Jnode, Jpath = gen_path_lengths(range(4), bhs.J, bhs.pfold, \
                                bhs.sum_flux, [3], [0])
JpathG = nx.DiGraph(Jpath.transpose())

tot_flux = 0
for path in nx.all_simple_paths(JpathG, 0, 3):
    print path
    f = bhs.J[path[1],path[0]]
    print "%2i -> %2i: %10.4e "%(path[0], path[1], \
                bhs.J[path[1],path[0]])
    for i in range(2, len(path)):
        print "%2i -> %2i: %10.4e %10.4e"%(path[i-1], path[i], \
                bhs.J[path[i],path[i-1]], Jnode[path[i-1]])
        f *= bhs.J[path[i],path[i-1]]/Jnode[path[i-1]]
    tot_flux +=f
    print "  J(path) = %10.4e"%f
    print
print " Commulative flux: %10.4e"%tot_flux


[0, 1, 2, 3]
 0 ->  1: 1.5528e-04 
 1 ->  2: 1.2574e-04 1.5528e-04
 2 ->  3: 3.8232e-04 3.8232e-04
  J(path) = 1.2574e-04

[0, 1, 3]
 0 ->  1: 1.5528e-04 
 1 ->  3: 2.9540e-05 1.5528e-04
  J(path) = 2.9540e-05

[0, 2, 3]
 0 ->  2: 2.5658e-04 
 2 ->  3: 3.8232e-04 3.8232e-04
  J(path) = 2.5658e-04

 Commulative flux: 4.1186e-04

For BestMSM.MSM everything should be built in. First we obtain the 4 highest flux paths.


In [5]:
bhsmsm.do_dijkstra(UU=[0], FF=[3], npath=3)

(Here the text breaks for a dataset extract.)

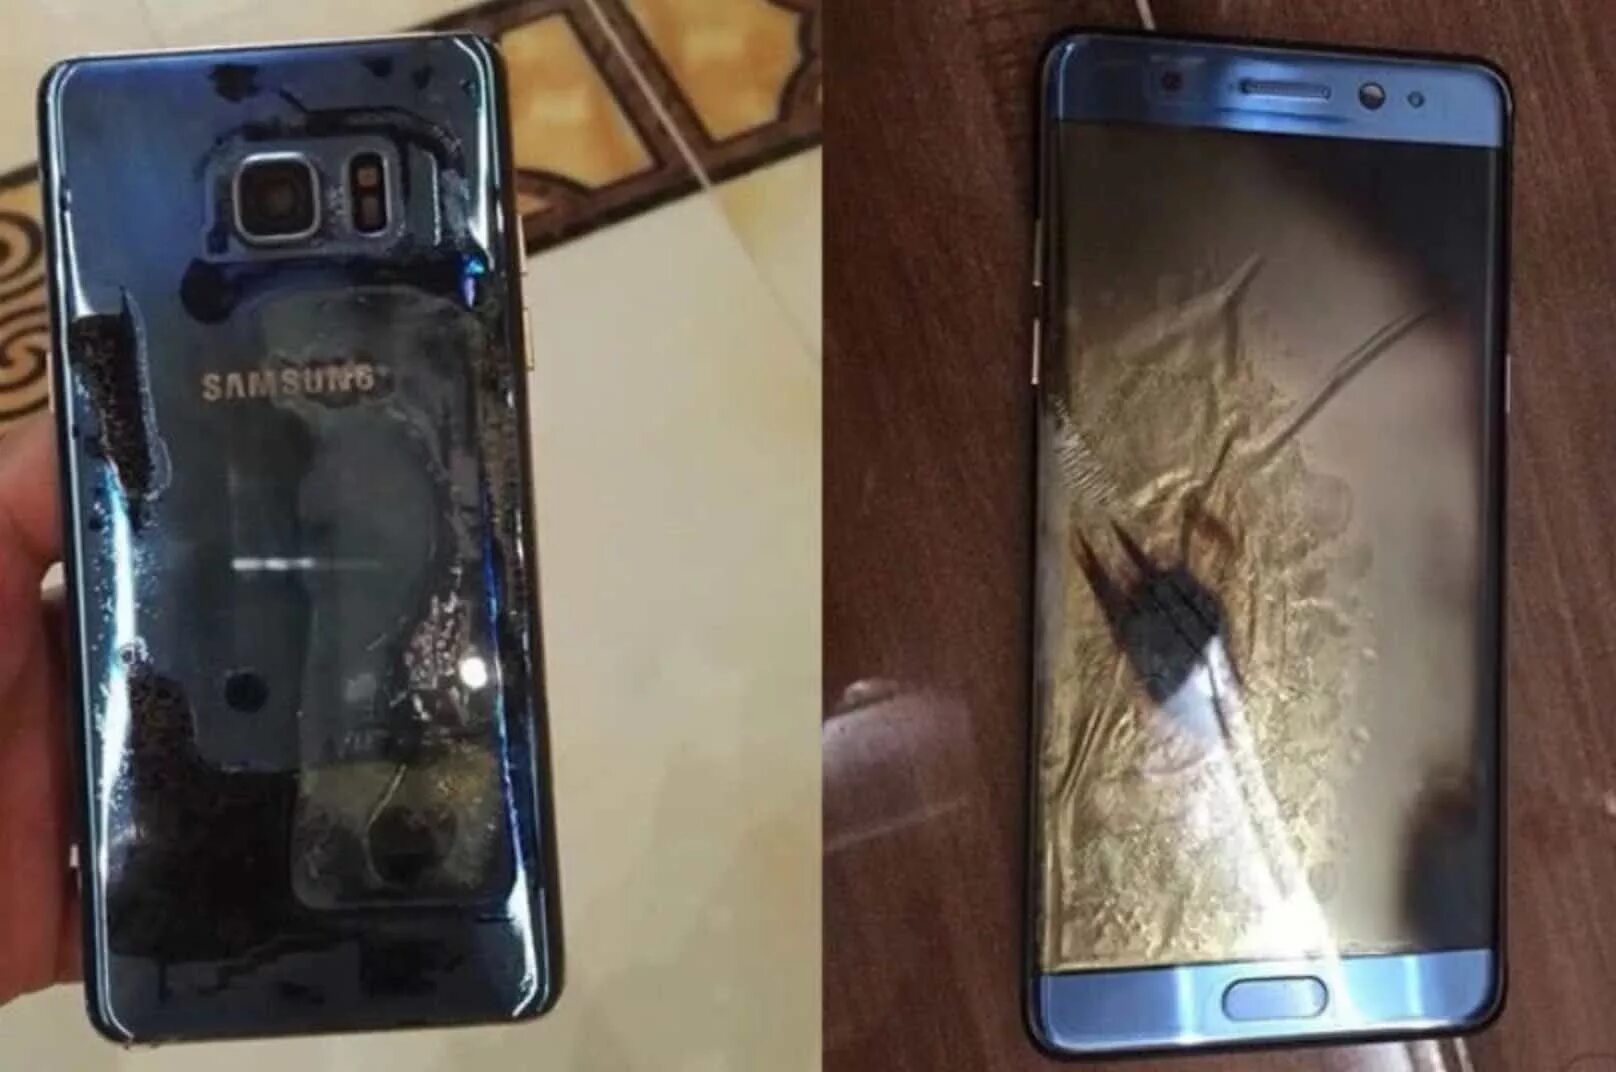 Samsung Note 7. Samsung Galaxy Note 7 взрывается. Samsung Galaxy Note 7 exploding. Самсунг ноут 7 взорвался.

 Total flux 0.000411858470592
 path  [0, 2, 3]
   flux: 2.57e-04; ratio: 6.23e-01; leftover: 3.77e-01
 path  [0, 1, 2, 3]
   flux: 1.26e-04; ratio: 3.05e-01; leftover: 7.17e-02
 path  [0, 1, 3]
   flux: 2.95e-05; ratio: 7.17e-02; leftover: -8.80e-16
 No paths
 Flux from paths -8.80229805407e-16
printing

 Writing graph in dot format...
Out[5]:
[(((3, 0), [0, 2, 3], 1.5476820153502904), 0.00025657541958512564),
 (((3, 0), [0, 1, 2, 3], 1.2110062410582523), 0.00012574340295749901),
 (((3, 0), [0, 1, 3], 0.9999999999999835), 2.9539648049723218e-05)]

Then we use the alternative mechanism of giving a cutoff for the flux left. Here we want to account for 80% of the flux.


In [11]:
bhsmsm.do_pfold(UU=[0], FF=[3])
bhsmsm.do_dijkstra(UU=[0], FF=[3], cut=0.2)


   definitely FF and UU states [0, 3]
 Total flux 0.000411858470592
 path  [0, 2, 3]
   flux: 2.57e-04; ratio: 6.23e-01; leftover: 3.77e-01
 path  [0, 1, 2, 3]
   flux: 1.26e-04; ratio: 3.05e-01; leftover: 7.17e-02
 Flux from paths 0.0717228129538
printing

 Writing graph in dot format...
Out[11]:
[(((3, 0), [0, 2, 3], 1.5476820153502904), 0.00025657541958512564),
 (((3, 0), [0, 1, 2, 3], 1.2110062410582523), 0.00012574340295749901)]

So at least for this simple example, things are working perfectly fine.